Patrick Olcha from Union Investment describes the starting point using the example of a highly parameterizable system. There were deviations in the parameters between production and the test environment. These parameters had an impact on the behavior of the application. Without an identical database, it is not possible to reliably say that a result from testing in production will be the same.
This led to a chain of further requirements. Environments had to be provided with fresh data. It had to be possible to reproduce production errors. And data could not be moved between environments at will because requirements from different areas restricted this.
How isolated solutions become a maintenance problem
Self-built tools solve individual problems, but generate follow-up costs. At Union Investment, this resulted in five to six different tools for test data. Maintenance was time-consuming, and even small changes in the target system meant that a lot of adjustments had to be made to the individual tools.

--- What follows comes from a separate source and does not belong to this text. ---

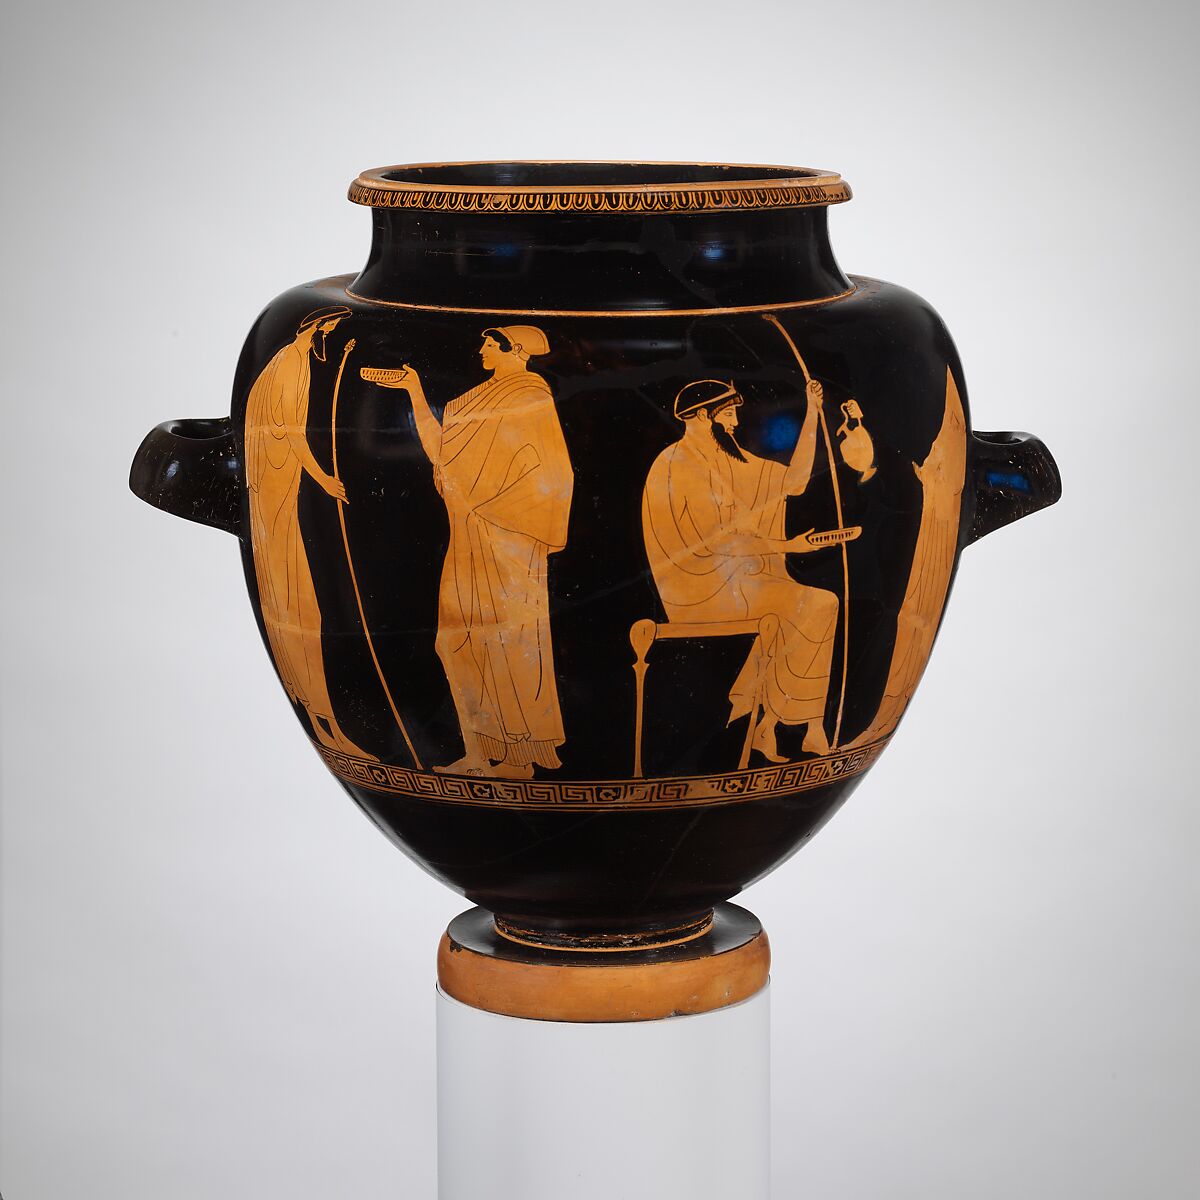 Terracotta stamnos (jar), Attributed to the Copenhagen Painter or the Syriskos Painter, Terracotta, Greek, Attic

There was also redundancy. Two or three tools worked similarly, but not in the same way. This duplication was not intentional, but was forced by technical constraints. At this point, the realization arose that the administration had to run differently.
A second pattern exacerbates the problem in distributed landscapes: Data diverges across systems. At Union Investment, the core portfolio management system, a database management system, is connected to adjacent systems such as a data warehouse and various auxiliary databases. Cross-system data transfer was not possible with the old solutions.
Data inconsistency only becomes visible when it hurts
Inconsistent data within a system often goes unnoticed until a program stumbles across it. A typical case: A program expects related entries in two tables, but only finds the entry in table A because the corresponding entry in table B has been manually deleted or changed. The result is a program abort.
The tricky thing about this is the lack of feedback. In case of doubt, the person who caused the inconsistency does not even know, and the system does not actively report it. The damage only becomes visible after the abnormal end.
A pragmatic countermeasure is a clear definition of consistency with an escalation: if the definition does not apply, the affected data record is deleted completely in case of doubt. A cleanly deleted data record is better than an inconsistent one that continues to have an uncontrolled effect.
What model-based test data management must achieve
The central requirements can be summarized in a few points. They show what is important for a comprehensive solution:
- Multiple database management systems must be supported, not just the core system.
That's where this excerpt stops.